__Data__.
···

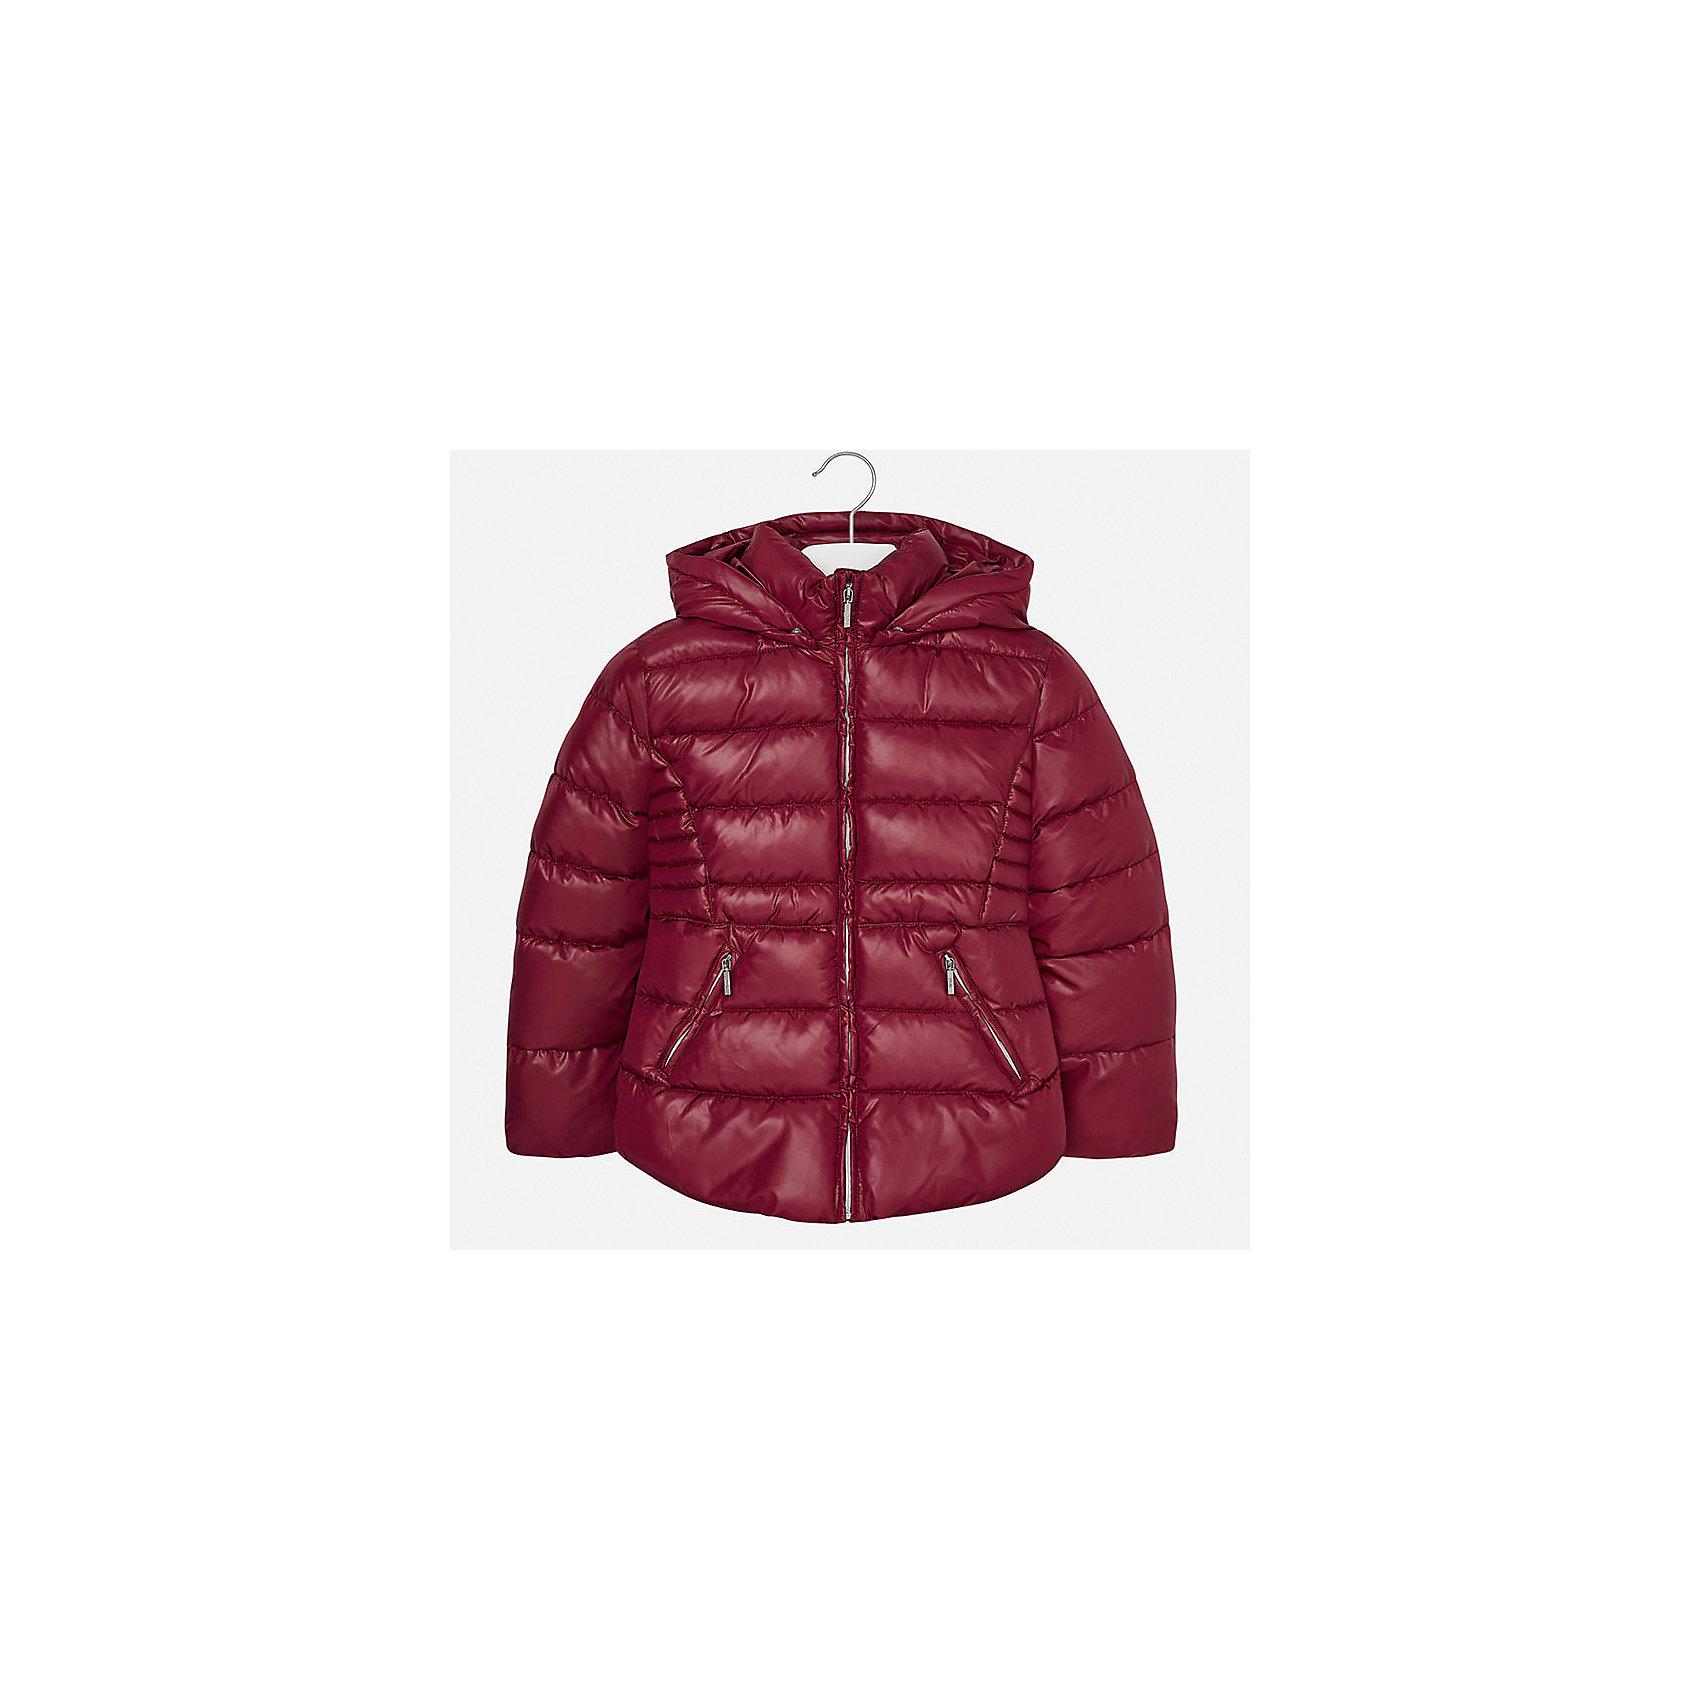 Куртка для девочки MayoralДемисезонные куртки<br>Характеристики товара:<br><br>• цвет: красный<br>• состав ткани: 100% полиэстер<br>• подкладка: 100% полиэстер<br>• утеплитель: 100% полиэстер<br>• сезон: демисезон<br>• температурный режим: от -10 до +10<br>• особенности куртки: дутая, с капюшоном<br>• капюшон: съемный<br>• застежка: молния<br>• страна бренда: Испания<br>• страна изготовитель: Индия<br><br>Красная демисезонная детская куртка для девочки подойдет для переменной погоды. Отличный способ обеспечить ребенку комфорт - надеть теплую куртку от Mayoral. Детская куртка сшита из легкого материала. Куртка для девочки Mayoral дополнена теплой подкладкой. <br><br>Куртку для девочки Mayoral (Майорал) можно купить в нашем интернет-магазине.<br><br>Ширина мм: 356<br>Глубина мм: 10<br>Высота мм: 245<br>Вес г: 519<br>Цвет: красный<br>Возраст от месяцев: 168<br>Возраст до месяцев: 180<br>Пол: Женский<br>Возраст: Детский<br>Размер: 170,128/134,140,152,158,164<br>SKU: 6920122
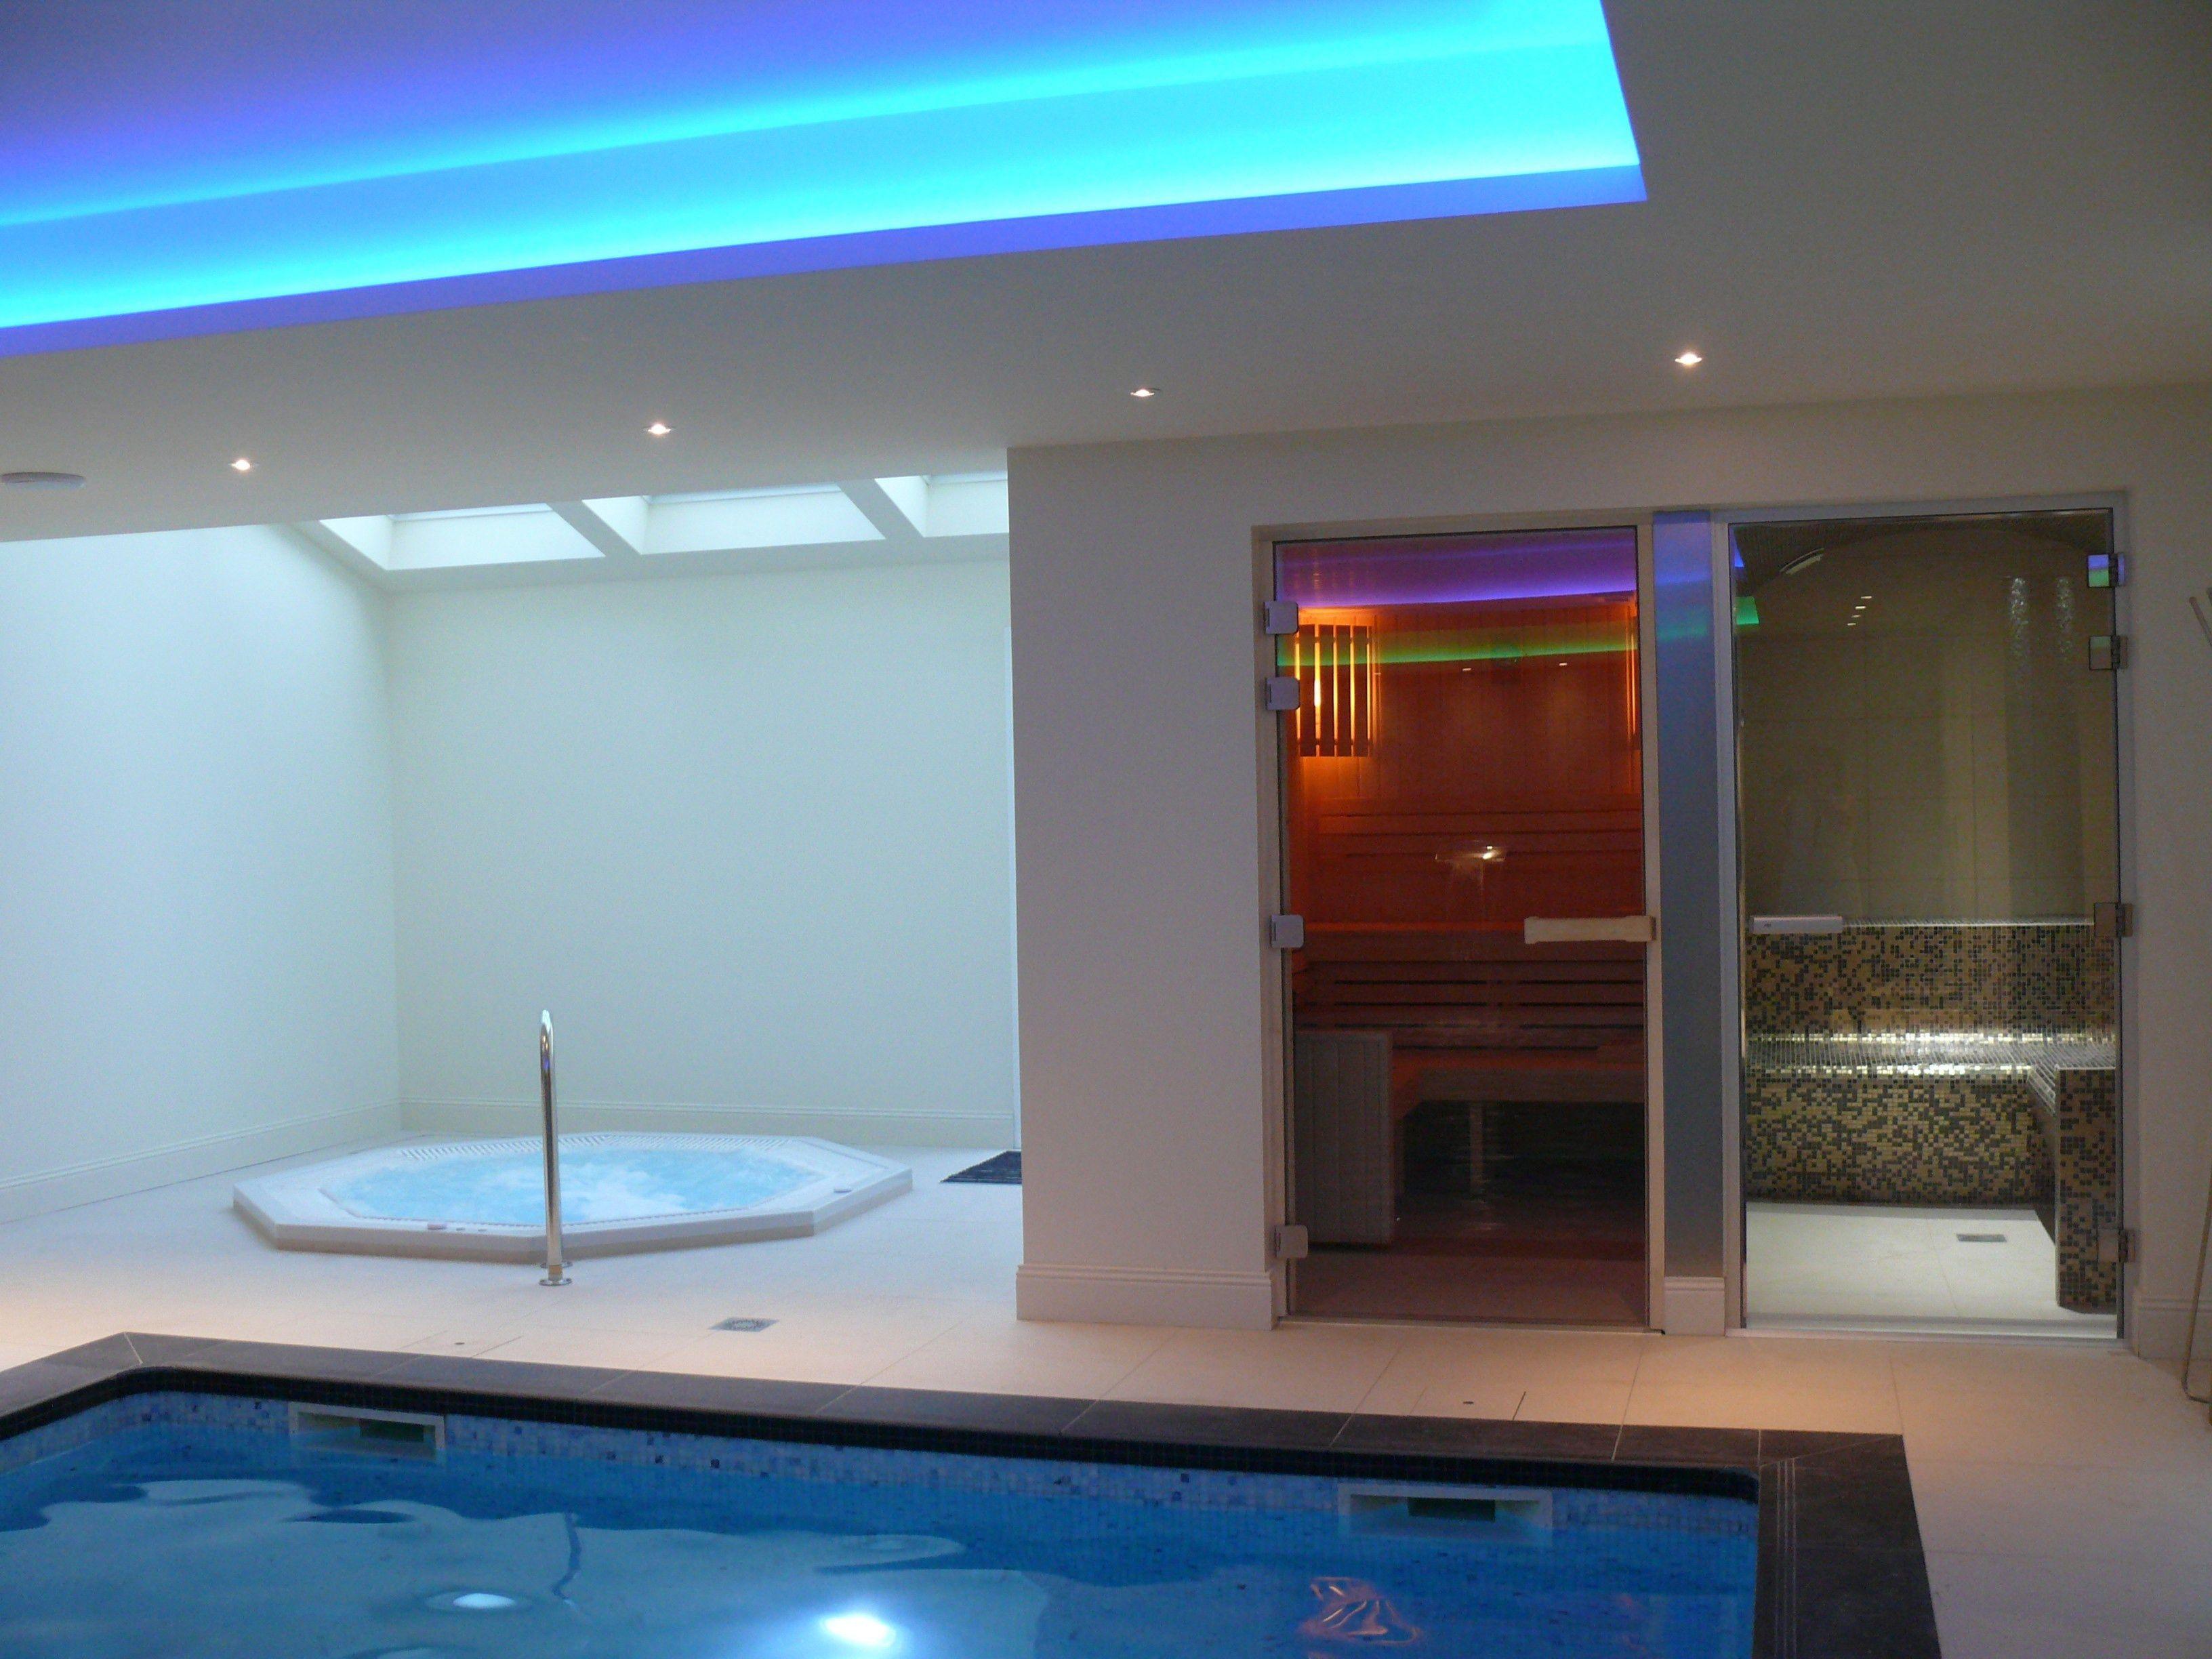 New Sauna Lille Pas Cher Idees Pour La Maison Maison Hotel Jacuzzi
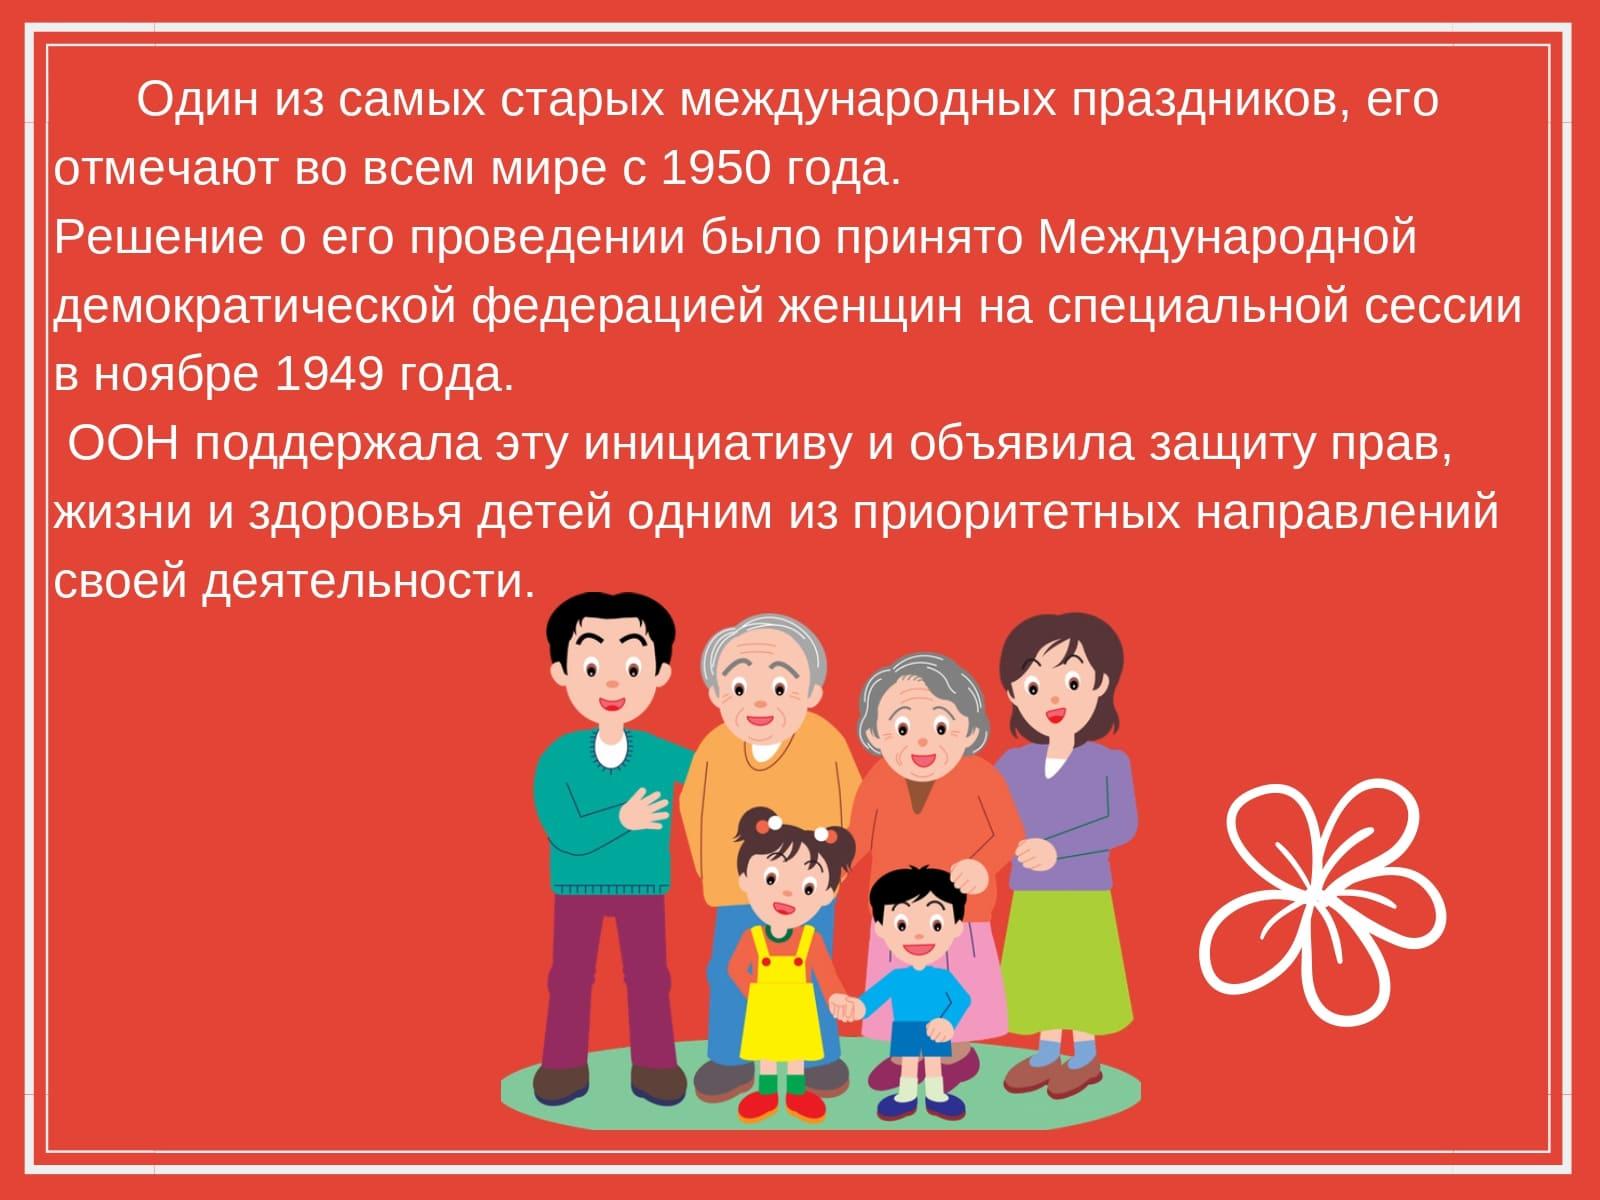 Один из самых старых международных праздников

···

__Exercise brief__.
Exact copy required, pictures excluded: the lines from the one holding "New Sauna Lille" through the last line of the data, both ends included.

__Response__.
 New Sauna Lille Pas Cher Idees Pour La Maison Maison Hotel Jacuzzi
 Один из самых старых международных праздников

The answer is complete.